The data management layer comprises: the system comprises a data storage module, a data updating module, a backup and guarantee module and a data interaction interface;

the data management layer is used for storing data, the data storage module is used for storing the data, the data updating module is used for maintaining and updating the data, the backup and guarantee module is used for importing, exporting and regularly backing up the data, and the data interaction interface is used for interacting with the operation processing layer.

The data tracing is carried out based on the three-matching method, the similarity between the data and the database data, the database calling record, the artificial knowledge and other contents are considered for carrying out data matching analysis, the incidence relation between the function points and the corresponding data tables can be accurately found, the corresponding incidence relation can be found even if the contents of the data tables are not directly displayed in a user window, the recommendation of the incidence relation between the front-end service function of the automatic generation system and the background database table is realized, the automation and the intelligence degree of the artificial inventory work are improved, the inventory efficiency can be effectively improved, the inventory effect is optimized, and the artificial workload is reduced.

Example 2:

the embodiment of the invention discloses a data tracing system, as shown in fig. 2, comprising:

The matching method comprises the following steps: semantic understanding matching, data analysis matching and query tracking matching methods.

Further, the correlation coefficient calculation module includes: the system comprises a semantic understanding matching calculation unit, a data analysis matching calculation unit and a query tracking matching calculation unit;

the semantic understanding matching calculation unit is used for obtaining the association coefficient of each data table and the function point under the semantic understanding matching method by adopting a semantic understanding matching method;

the data analysis matching calculation unit is used for obtaining the correlation coefficient between each data table and the function point under the data analysis matching method by adopting a data analysis matching method;

and the query tracking matching calculation unit is used for obtaining the association coefficient of each data table and the functional point under the query tracking matching method by adopting a query tracking matching method.

Further, the semantic understanding matching calculation unit comprises:

a functional point list determining subunit, configured to determine, based on the functional point, a functional point list corresponding to the functional point;

the data table list determining subunit is used for determining a data table list corresponding to each data table respectively based on each data table;

the natural language processing subunit is used for respectively carrying out semantic comprehension annotation on the texts in the function point list and each data table list based on a natural language processing method;

the vector constructing subunit 1 is configured to sequentially construct, based on the understood and annotated function point lists and each data table list, a vector corresponding to the function point list and a vector corresponding to each data table list;

the cosine similarity calculation operator unit 1 is used for calculating the cosine similarity of the vector corresponding to each data table list and the vector corresponding to the function point list in sequence;

and the correlation coefficient calculation subunit 1 is used for taking the cosine similarity as a correlation coefficient between each data table and the function point under a semantic understanding matching method.

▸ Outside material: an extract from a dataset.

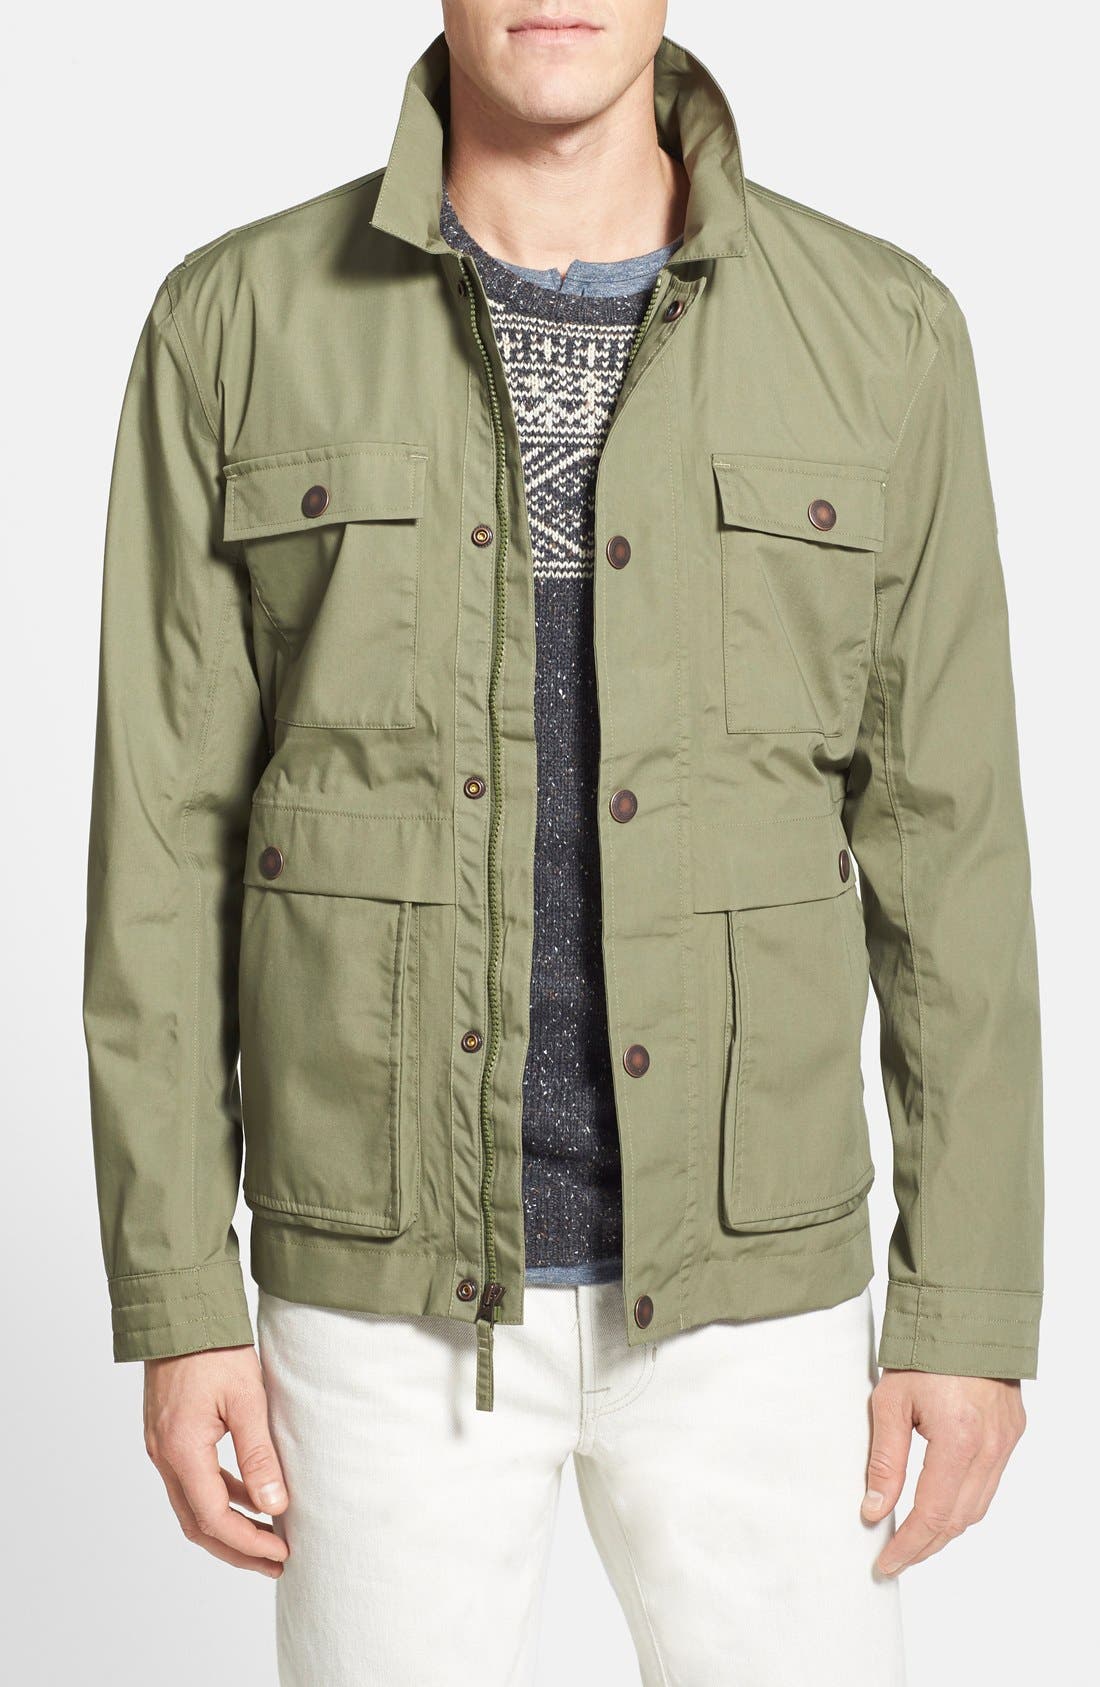 timberland hyvent jacket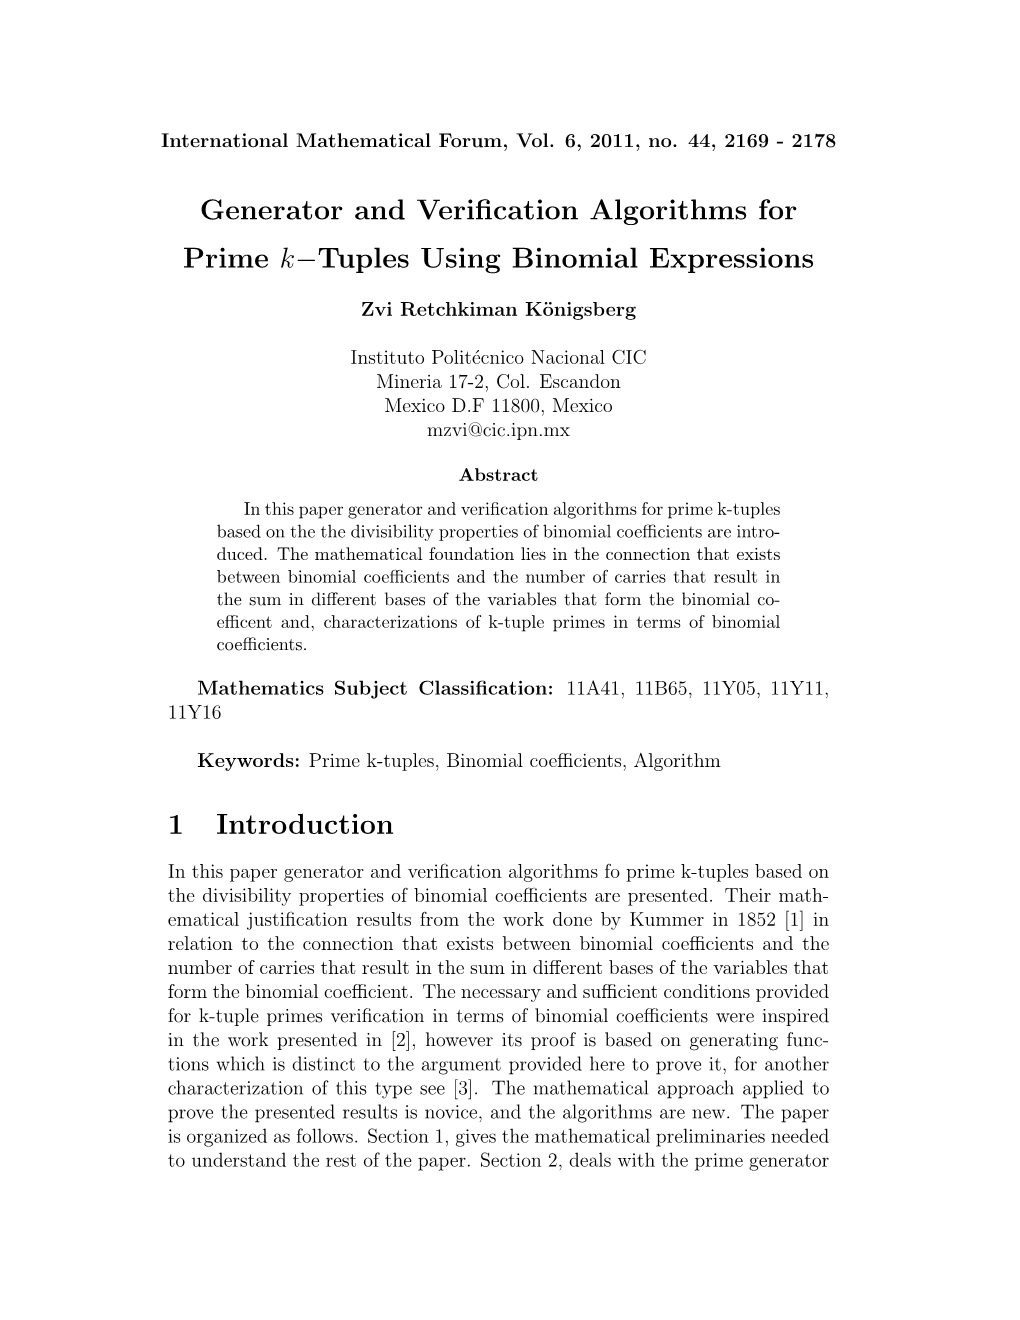 Generator and Verification Algorithms for Prime K−Tuples Using Binomial

Further, the data analysis matching calculation unit comprises:

a function point display text determining subunit, configured to determine, based on the function point, a display text after the function point operation;

the data table content determining subunit is used for determining the content in each data table respectively based on each data table;

a vector construction subunit 2, configured to sequentially construct, based on the display text after the operation of the function point and the content in each data table, a vector corresponding to the display text after the operation of the function point and a vector corresponding to the content in each data table;

the cosine similarity calculation operator unit 2 is used for calculating the cosine similarity between the vector corresponding to the content in each data table and the vector corresponding to the displayed text after the function point is operated in sequence;

and the correlation coefficient calculating subunit 2 is configured to use the cosine similarity as a correlation coefficient between each data table and the function point under a data analysis matching method.

Further, the query tracking matching calculation unit includes:

the call record determining subunit is used for acquiring a data table call record related to the operation of the function point;

the calling result determining subunit is used for determining a data table associated with the function point and an unassociated data table based on the data table calling record related to the function point operation;

and the correlation coefficient calculation subunit 3 is used for respectively endowing preset values to the data tables associated with the function points and the data tables not associated with the function points, and using the preset values as correlation coefficients of the data tables and the function points under the inquiry tracking matching method.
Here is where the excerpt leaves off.